> _DATASET EXTRACT_:
↓

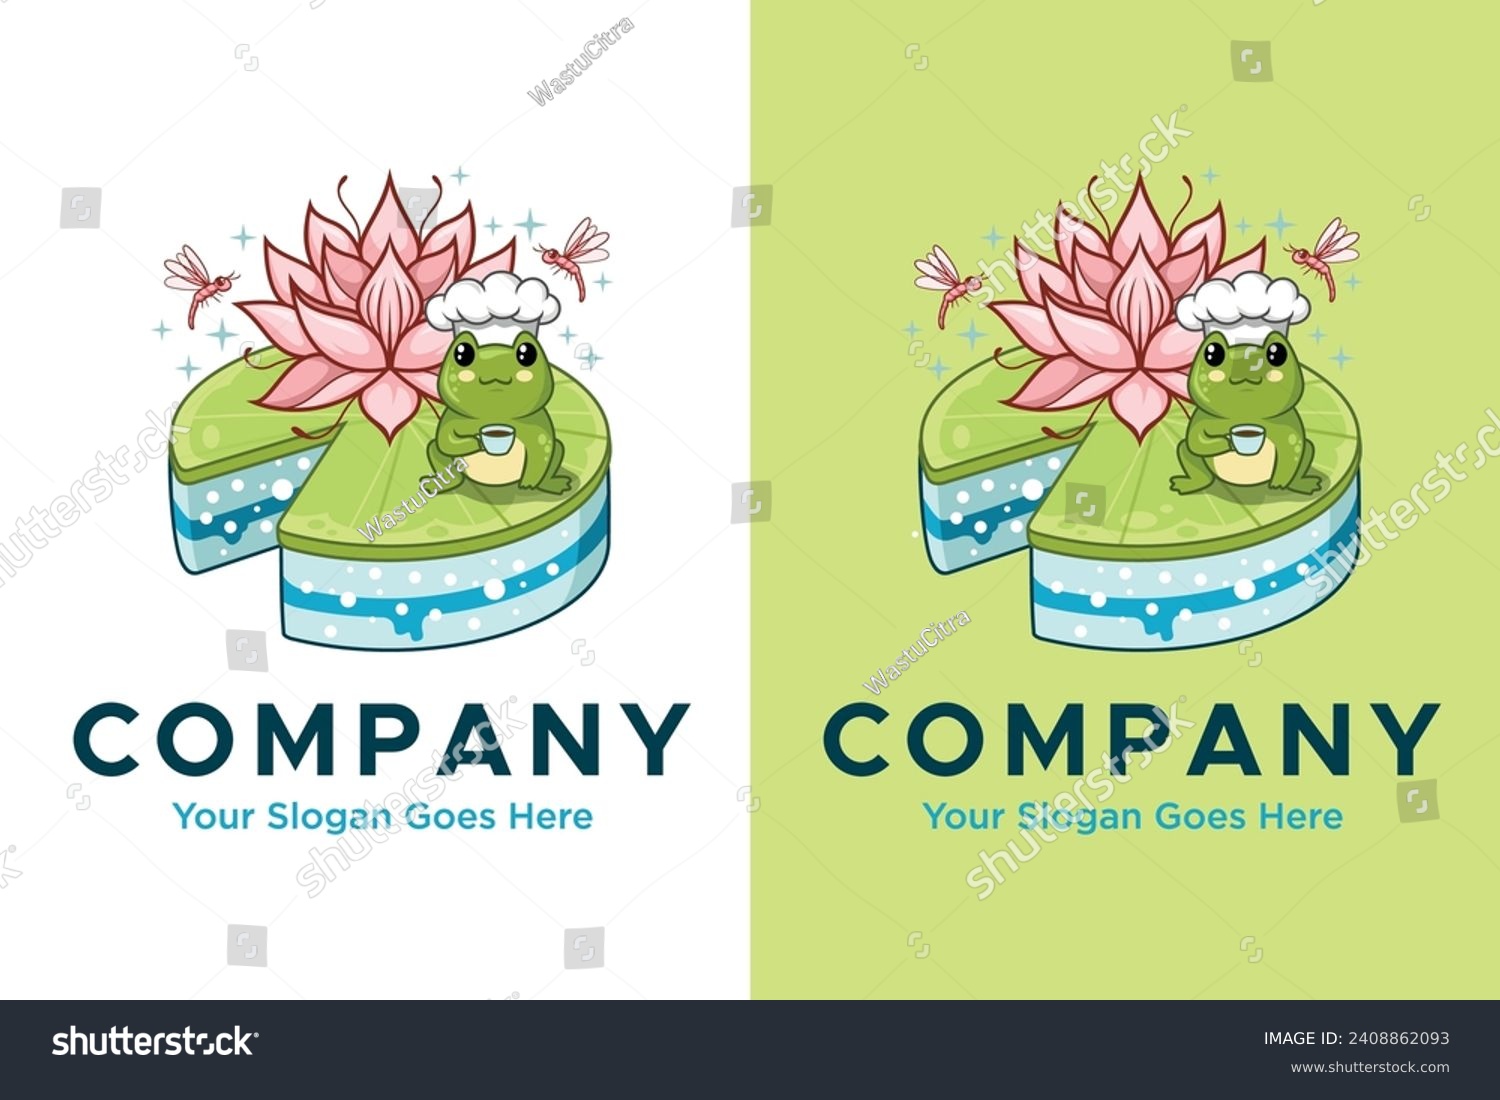 SVG of lotus leaf cake with cute frog chef illustration vector logo design svg
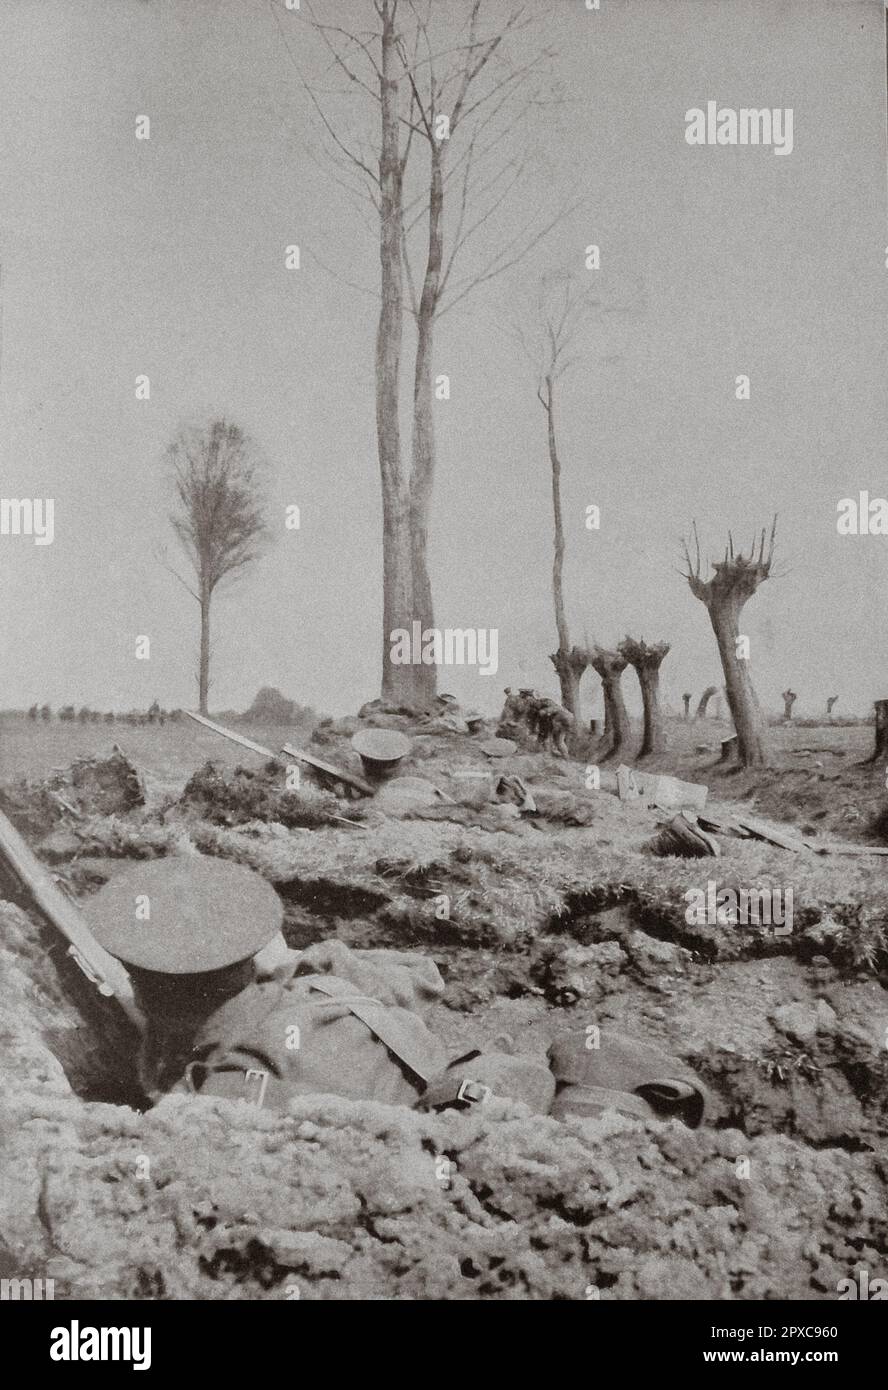 Prima guerra mondiale La seconda battaglia di Ypres. Nel settore inglese: Il 'King's Liverpools' in prima linea, prima dell'attacco. Durante la prima guerra mondiale, la seconda battaglia di Ypres fu combattuta dal 22 aprile al 25 maggio 1915 per il controllo dell'alta terra di importanza tattica a est e a sud della città fiamminga di Ypres, nel Belgio occidentale. La prima battaglia di Ypres era stata combattuta l'autunno precedente. La seconda battaglia di Ypres fu il primo uso di massa da parte della Germania di gas velenoso sul fronte occidentale. Foto Stock
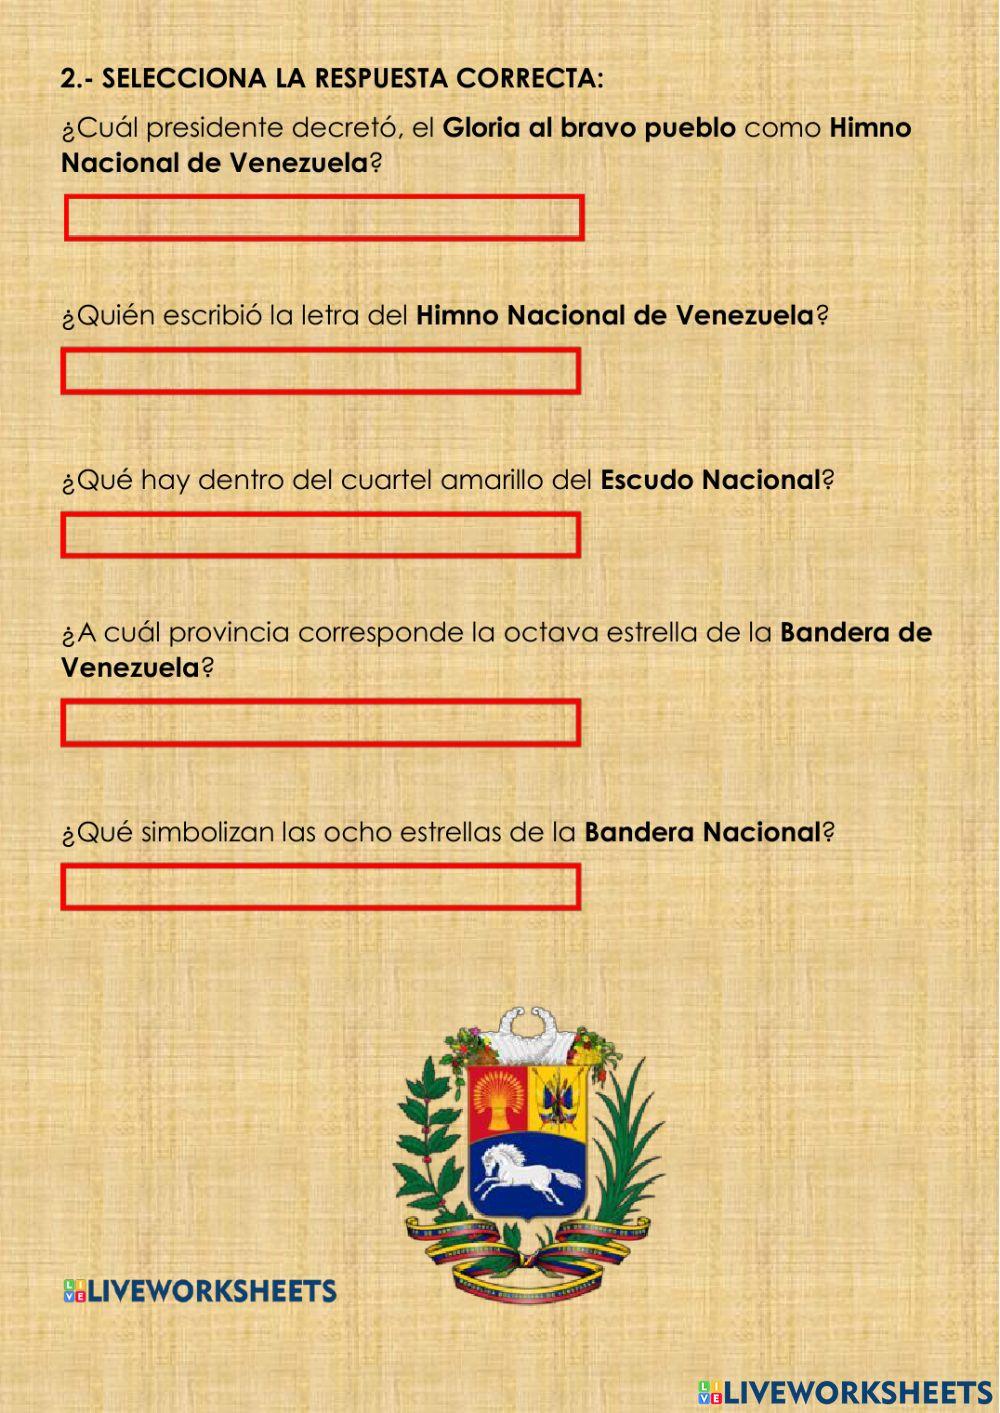 Símbolos patrios de Venezuela

↑

> _EXERCISE_:
Drop the pictures, then transcribe the lines from the one containing "Prima guerra mondiale La" to the end of the data above, exactly and nothing more.

> _RESULT FOR THIS EXERCISE_:
 Prima guerra mondiale La seconda battaglia di Ypres. Nel settore inglese: Il 'King's Liverpools' in prima linea, prima dell'attacco. Durante la prima guerra mondiale, la seconda battaglia di Ypres fu combattuta dal 22 aprile al 25 maggio 1915 per il controllo dell'alta terra di importanza tattica a est e a sud della città fiamminga di Ypres, nel Belgio occidentale. La prima battaglia di Ypres era stata combattuta l'autunno precedente. La seconda battaglia di Ypres fu il primo uso di massa da parte della Germania di gas velenoso sul fronte occidentale. Foto Stock
 Símbolos patrios de Venezuela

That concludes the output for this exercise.